• Welcome to PlanetSquires Forums.
 

SQLite Client Server Source

Started by Richard Kelly, May 02, 2017, 02:07:39 AM

Previous topic - Next topic

Paul Squires

In your code you might want to apply a function to the incoming SQL statement to ensure that it handles embedded quotes correctly, or at least provide such a function to the programmer. Here is the one that I use:

''
''  Safely escape embedded quotes within an sql statement
''
Function clsSqlite.SafeSql( ByVal sql As String ) As String
   If Len(sql) = 0 Then Exit Function   ' prevents mprintf from returning "(NULL)" literal string
   Dim pzSql As ZString Ptr
   pzSql = sqlite3_mprintf("%q", sql)
   Function = *pzSql
   sqlite3_free(pzSql) 
End Function
Paul Squires
PlanetSquires Software
WinFBE Editor and Visual Designer

Paul Squires

I see that you wrapped all of the SQLITE constants in a NameSpace. I am thinking that an ENUM may be more appropriate than a NameSpace?


ENUM cCTSQLiteClass
   SQLITE_OK                  = &h00000000
   SQLITE_TRUE                = &h00000001
   SQLITE_OPEN_READONLY       = &h00000001 
   SQLITE_OPEN_READWRITE      = &h00000002 
   SQLITE_OPEN_CREATE         = &h00000004 
   SQLITE_OPEN_URI            = &h00000040 
   SQLITE_OPEN_MEMORY         = &h00000080 
   SQLITE_OPEN_NOMUTEX        = &h00008000 
   SQLITE_OPEN_FULLMUTEX      = &h00010000 
   SQLITE_OPEN_SHAREDCACHE    = &h00020000 
   SQLITE_OPEN_PRIVATECACHE   = &h00040000 
   SQLITE_OPEN_WAL            = &h00080000
   SQLITE_ROW                 = 100
   SQLITE_DONE                = 101
   SQLITE_CONFIG_LOG          = 16
   SQLITE_BLOB                = 4
   SQLITE_NULL                = 5
End ENUM


Paul Squires
PlanetSquires Software
WinFBE Editor and Visual Designer

Paul Squires

I see that you are storing the database handles as DWORD. In the documentation they technically should be sqlite3 ptr. Whether that is a DWORD on all platforms I am not sure (I would be surprised if it is).

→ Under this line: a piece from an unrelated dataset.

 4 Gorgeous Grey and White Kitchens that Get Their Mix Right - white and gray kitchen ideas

I have attached an old SQLite class that I wrote in FreeBasic that might give you some ideas as well.
Paul Squires
PlanetSquires Software
WinFBE Editor and Visual Designer

Paul Squires

In cases where you need to specify flags (say, for example when opening/creating a database) I am pretty sure that you need to OR the flags rather than add them. I noticed you have code like this:

cCTSQLiteClass.SQLITE_OPEN_READWRITE + cCTSQLiteClass.SQLITE_OPEN_CREATE

When maybe it sould be:

cCTSQLiteClass.SQLITE_OPEN_READWRITE OR cCTSQLiteClass.SQLITE_OPEN_CREATE

Adding may cause side effects?

Paul Squires
PlanetSquires Software
WinFBE Editor and Visual Designer

Richard Kelly

Thank you Paul for taking the time to contribute to this effort. It's really helpful to hear from a pro.

I'm going to provide feedback on all your responses here.

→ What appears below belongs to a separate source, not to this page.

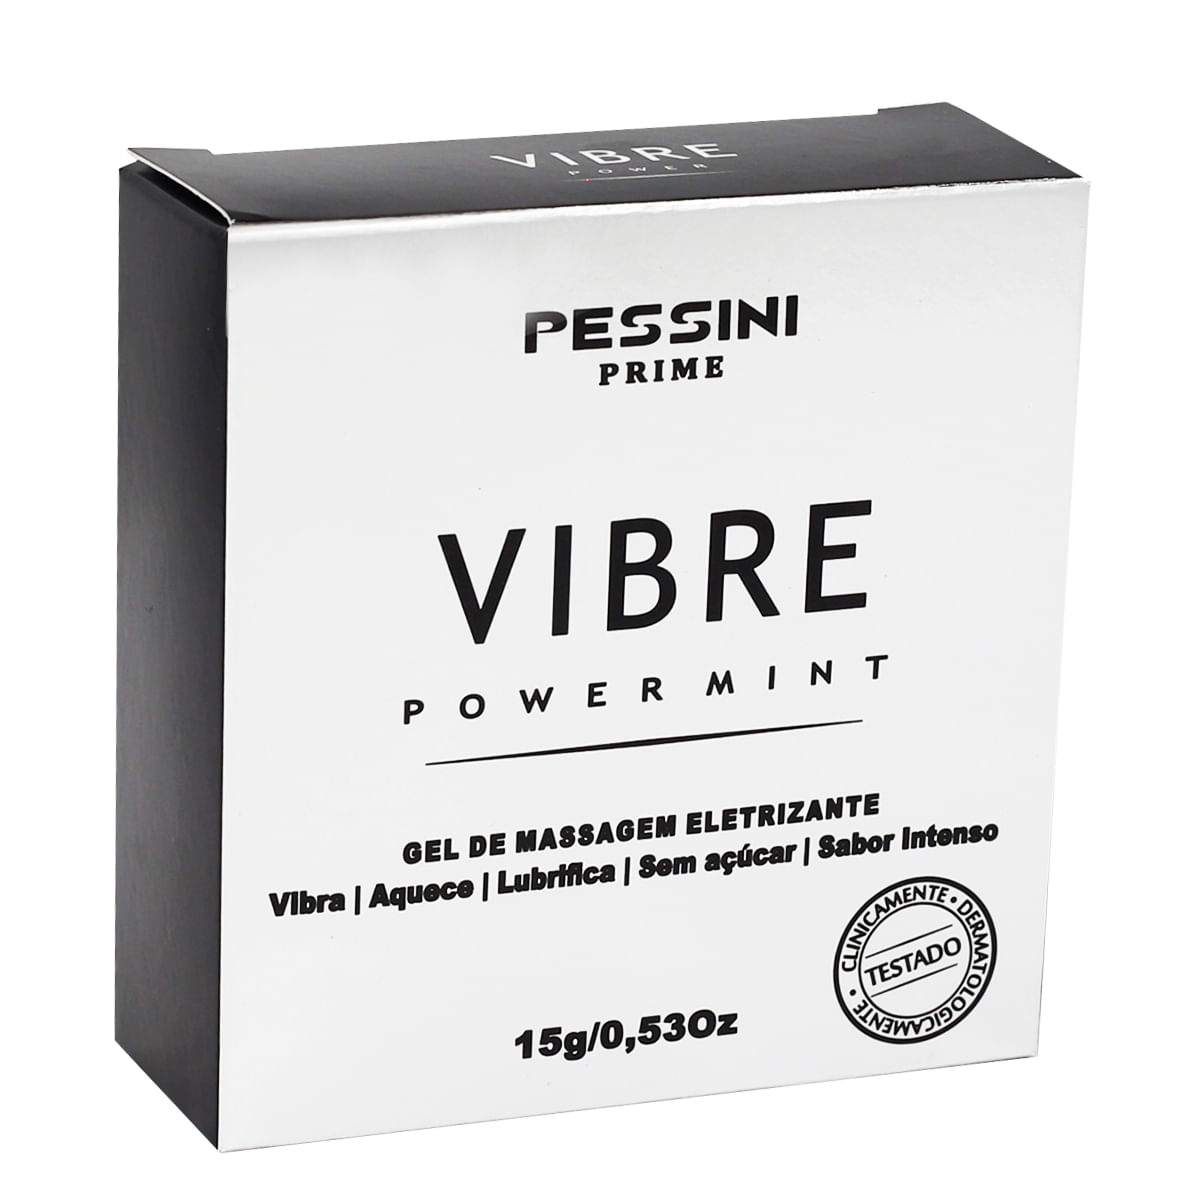 Vibre Power Mint Gel de Massagem Eletrizante 15g Pessini

QuoteI  don't think using an array as the means of capturing the query results is a good long-term strategy.

The FB extensions has a JSON library that can covert to BSON and from BSON to JSON. I'm looking into having the class deliver BSON as its 'native' results class.

QuoteIn your code you also CRLF which is not needed.

   sSQL = "BEGIN TRANSACTION; " _
        + Chr(13) + Chr(10) _
        + sSQL _
        + Chr(13) + Chr(10) _
        + " COMMIT;"

Run a test and put a comment in as the the only thing on the last line without a CRLF. I included the begin transaction similiarly so that when I build in the trace facility, the code would be easier to read.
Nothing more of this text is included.